IKEA has established itself as a home furnishing expert that offers a broad choice of well-designed, practical solutions at a reasonable cost, a trait that appeals to families with a combined family income of RM2,000 or less. Currently, the company sells over 8,500 items, including beds, culinary utensils, children’s furniture, textiles, and even their highly sought-after meatball. Search for IKEA stores near me to find your neighbourhood store.
Operations at IKEA
Learn how IKEA operates and its core activities, and the processes linked to it.
- IKEA provides standard, non-luxury goods with a wide range of replacements and complements available on the market. It also offers a variety of services to supplement its company, such as delivery, assembly, kitchen installation, and even sewing services to meet demand.
- In terms of innovation, IKEA does not have any direct competitors. Even though the firm has been around for a long time, they continue to innovate to meet customers’ changing tastes and expectations, unlike any of IKEA’s other indirect rivals. By using distinctive design and style, IKEA has established itself as more than just a furniture merchant or store.
- A completely competitive market may be characterized as having three basic characteristics which are its many customers and sellers, homogeneous goods and unfettered admission and exit into and out of the market. Because perfectly competitive enterprises function at an efficient scale, which means a huge consumer surplus, and because sellers may sell as much as they want, there are a lot of buyers and sellers.
- Sellers have no motivation to lower their prices since this would diminish their profits; they also have no motive to raise prices since this would not demand since customers have complete market information and can acquire close alternative items. A price taker is a company that operates in this market.
- Because this is the market price established for each quantity of the commodity, the price of a commodity is equal to average revenue, which is equal to marginal revenue. When pricing equals marginal costs, a company’s earnings are maximized. If a new business notices that the market is profitable, it will be attracted to it and enter it.
- However, this will increase supply and quantity, lowering the price and profits for all enterprises in that market. As a result, some businesses may end up losing money. If this occurs and the price of a thing falls below its average total cost of production, a company may decide to close down.

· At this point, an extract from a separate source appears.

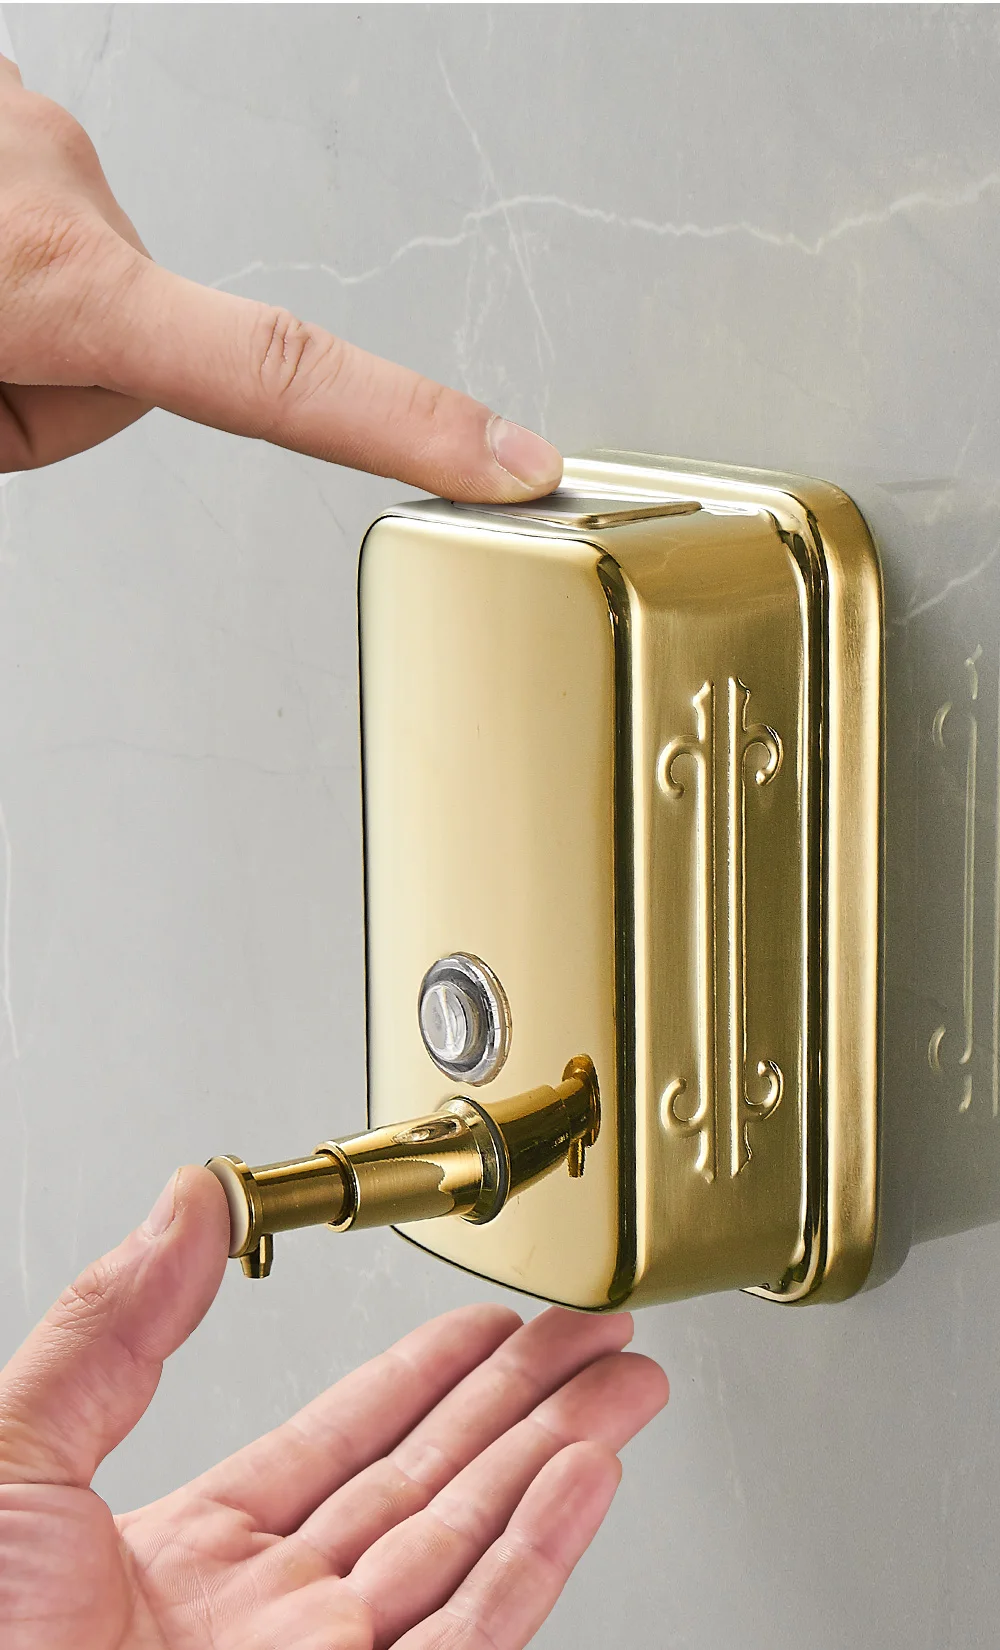 Stainless Steel Wall-mounted Golden Manual Liquid Soap Dispenser Shampoo

- IKEA can obtain economies of scale through mass production to satisfy the performance target cost. On the other hand, the inventory level is high, implying that IKEA’s items are made-to-order. Individual orders are not assigned to customers throughout the manufacturing process in a make-to-stock method.
- Over the year, KEA has reduced its average long-run cost by leveraging economies of scale and growing specialization. Specific items created by specialized employees in various areas throughout the world have delegated the division of labour. Due to the uniformity of procedures, mass manufacturing reduces human mistakes.
- IKEA begins production in wholly-owned companies to prevent inefficiencies associated with outsourcing operations. IKEA has reached another milestone in international procurement to preserve the representation of its design talents and its distribution and retail network, which allows it to provide well-designed things at low rates.
IKEA is the furniture industry’s low-cost leader. A living room equipped using IKEA products can cost up to 65 per cent less than one equipped with comparable items from other retailers. Its target market consists of young married couples, college students, 20-30-year-old singles, and middle-class families that are price sensitive. So, if they can acquire furnishings at a significantly reduced cost, they should do so.